** Exercise instructions **
Include in the reply only the lines from the start of the data below through the line containing "Blue Denim Shorts", reproduced exactly and with no pictures.

** Provided data **
________________
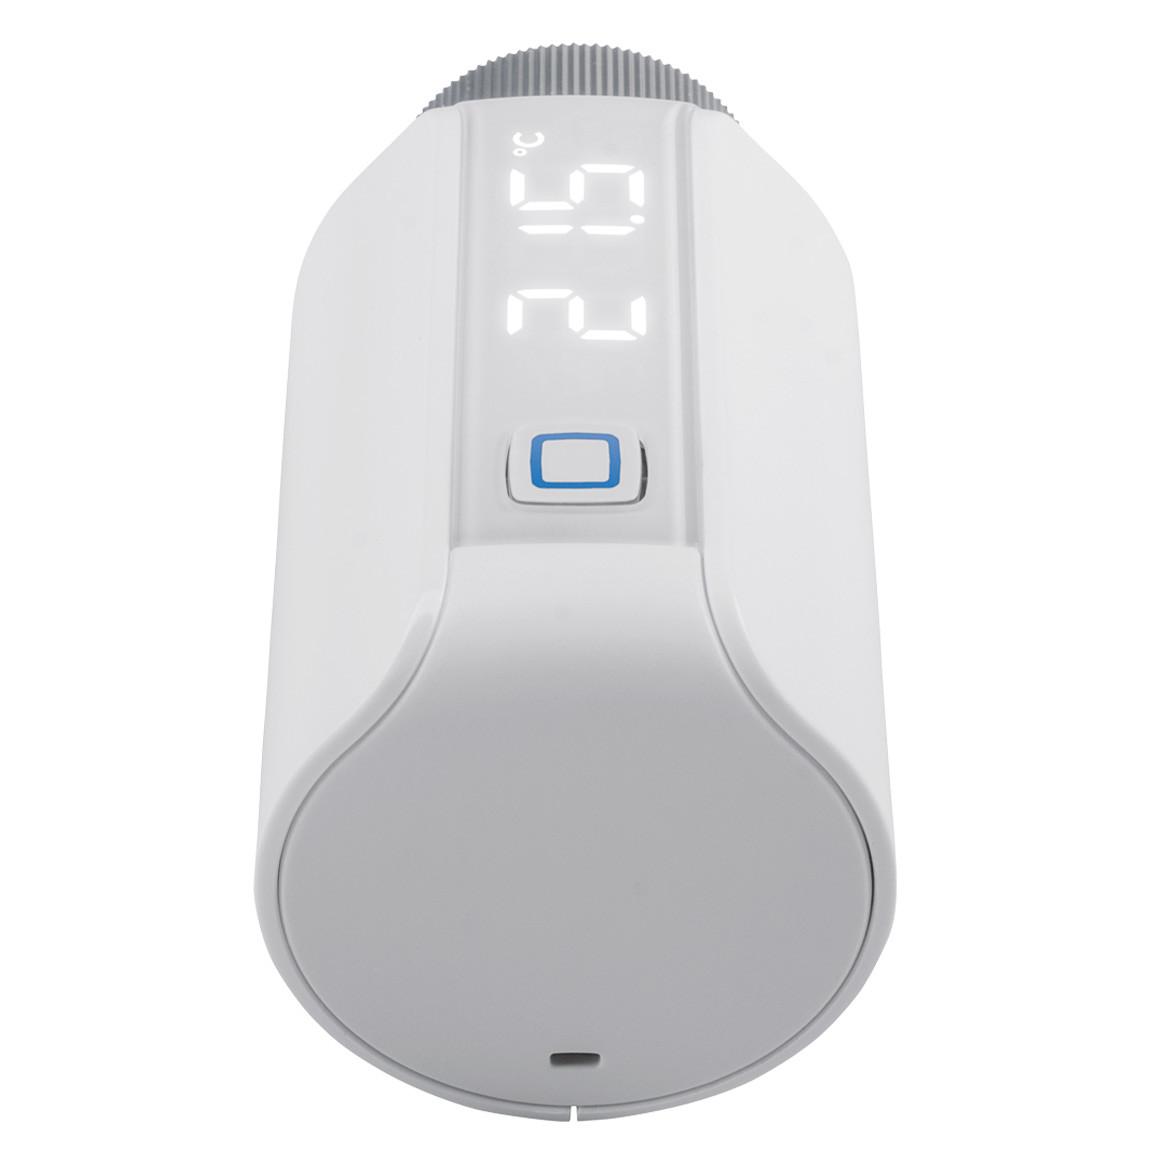 Homematic IP Access Point + Heizkörperthermostat Evo 2er-Set_Heizkoerperthermostat Evo angewinkelt
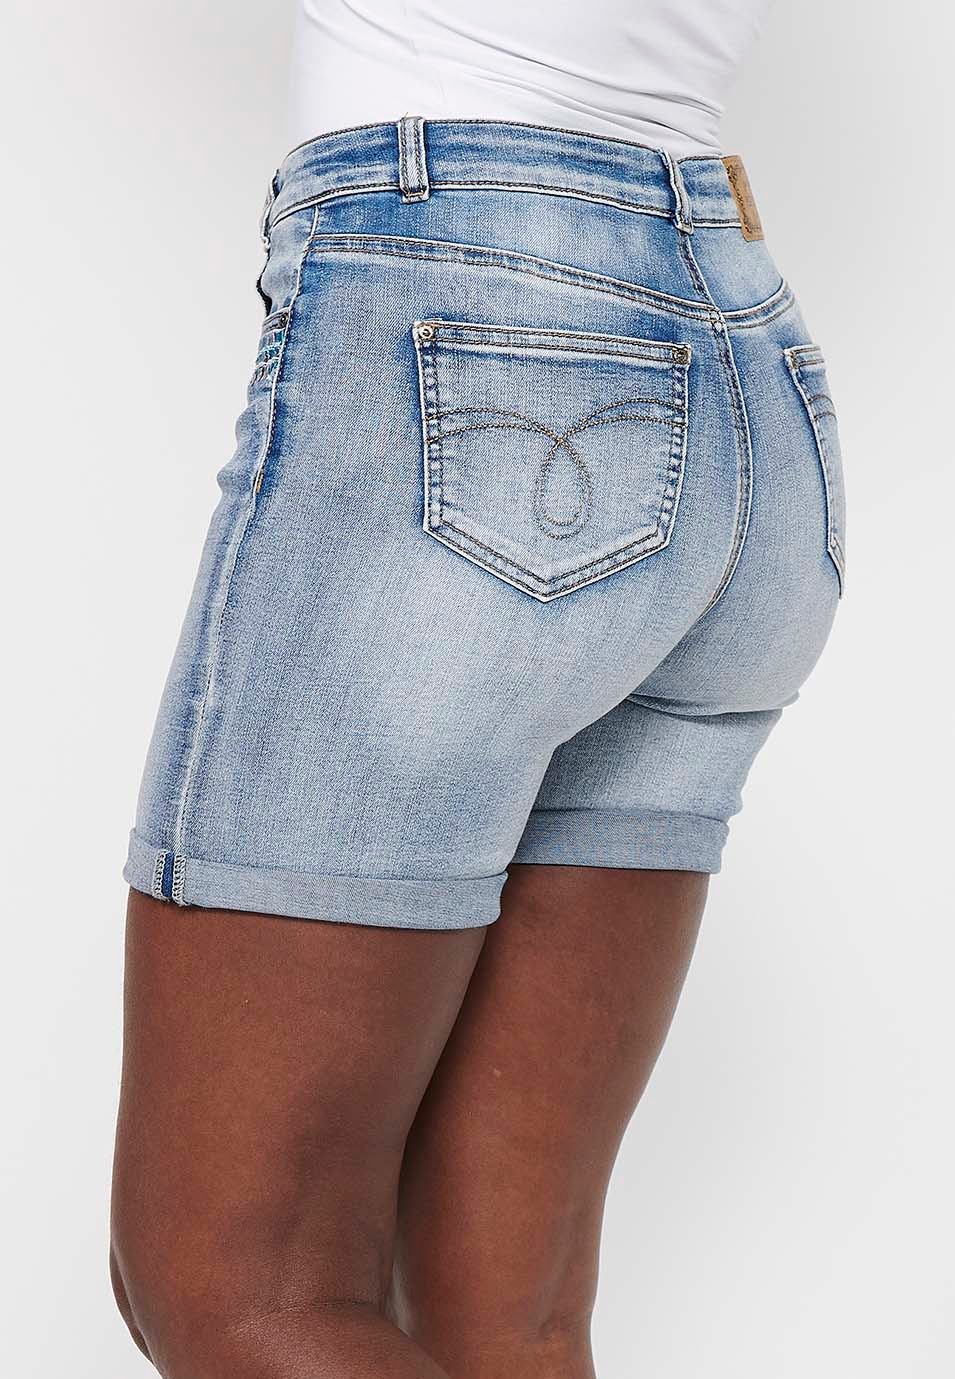 Blue Denim Shorts with Embroidered Details and Front Closure with Zipper and Button for Women 1
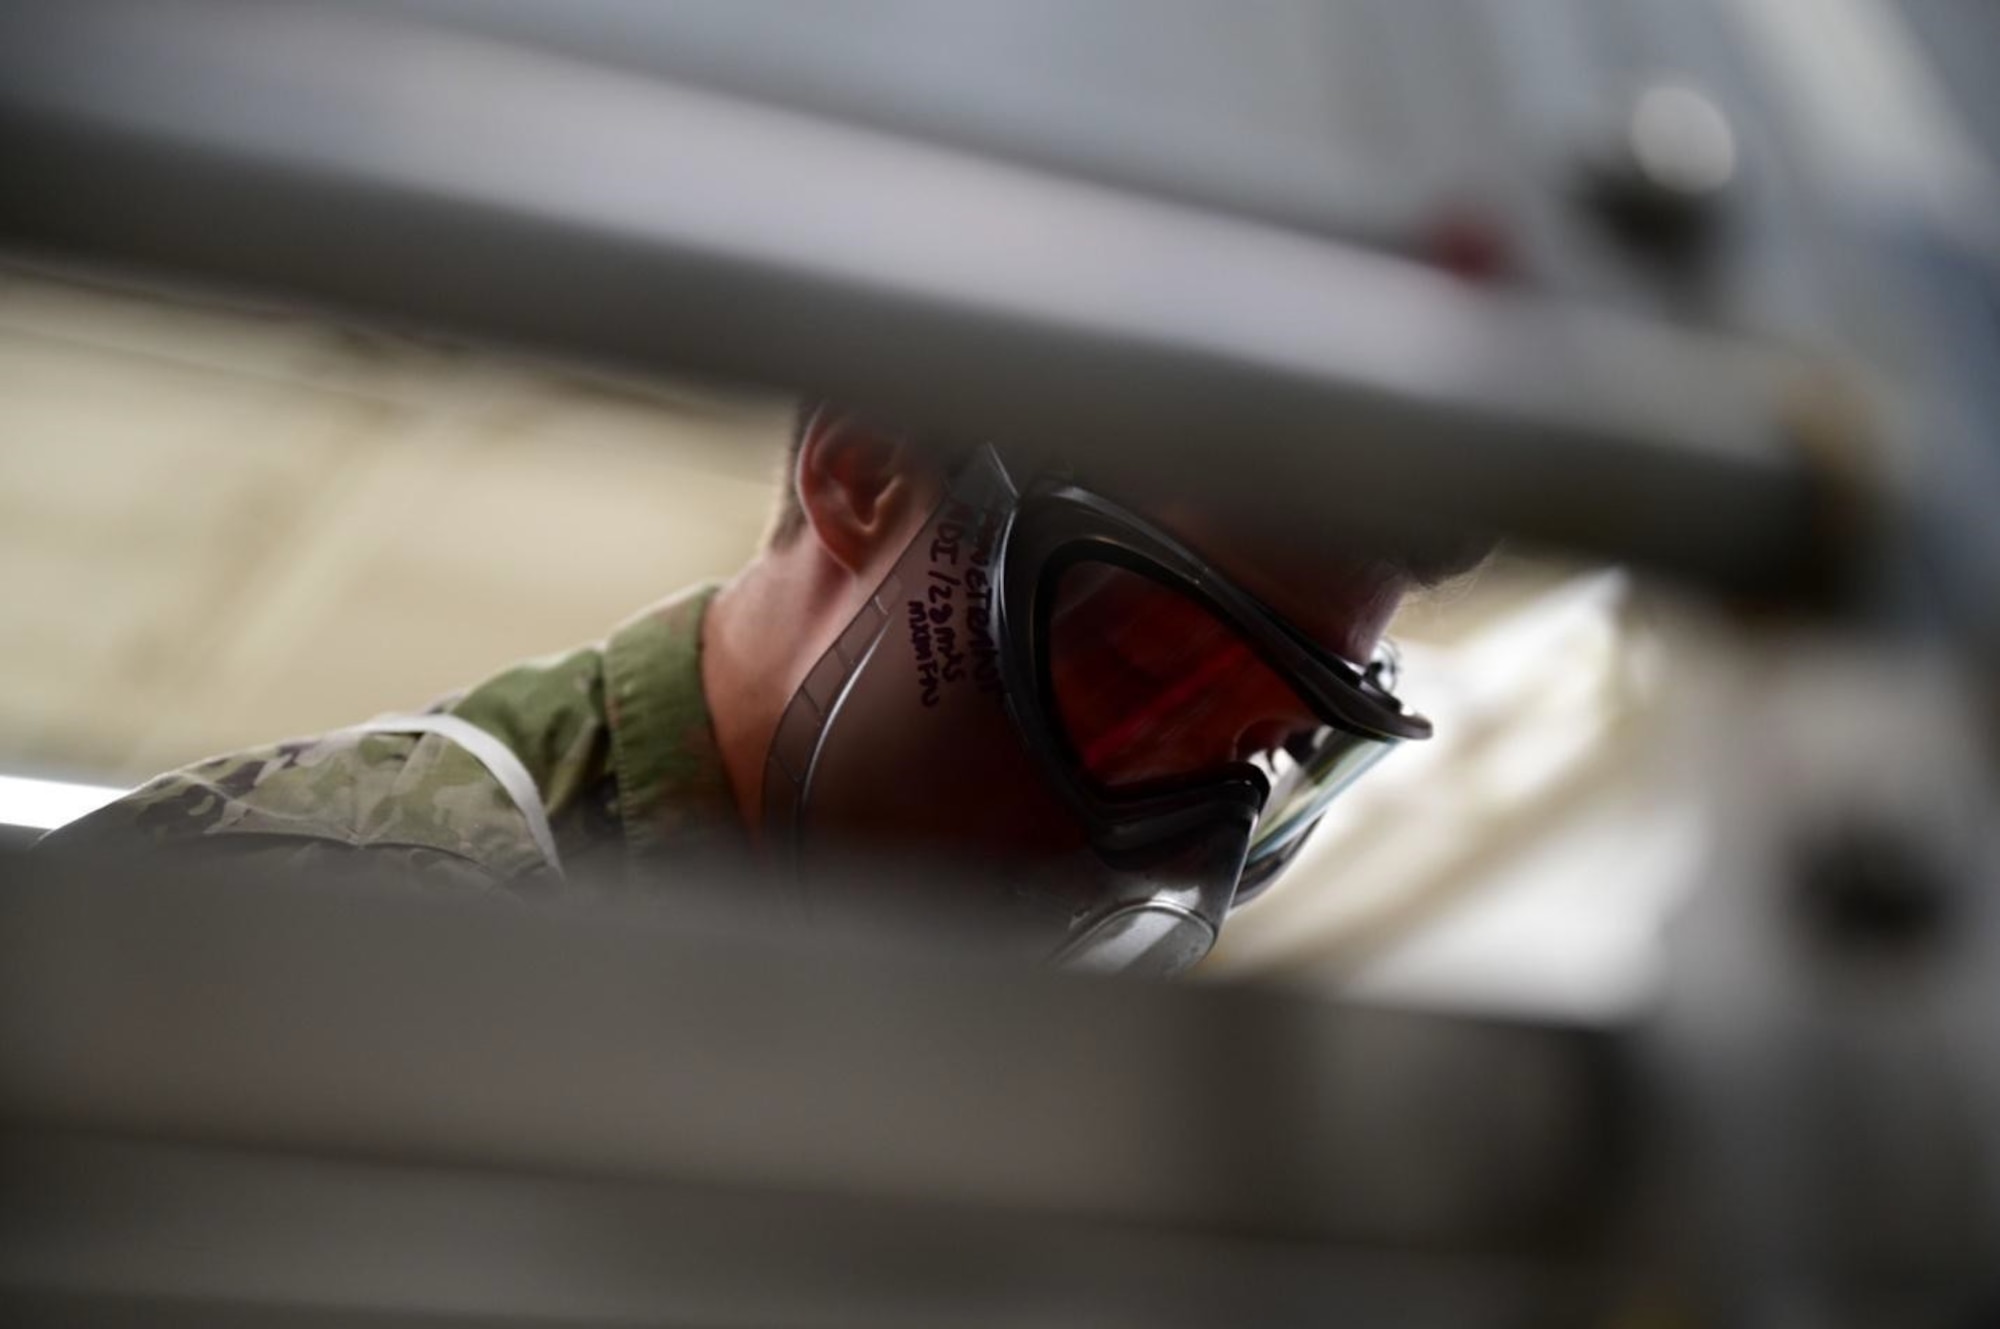 Airman 1st Class Brett Miska, a 28th Maintenance Squadron Fabrication Flight non-destructive inspection apprentice, provides a demonstration of the Fluorescent Penetrant Line within the NDI lab at Ellsworth Air Force Base, S.D., July 13, 2022.
________________
** Solved exercise **
 Homematic IP Access Point + Heizkörperthermostat Evo 2er-Set_Heizkoerperthermostat Evo angewinkelt
 Blue Denim Shorts with Embroidered Details and Front Closure with Zipper and Button for Women 1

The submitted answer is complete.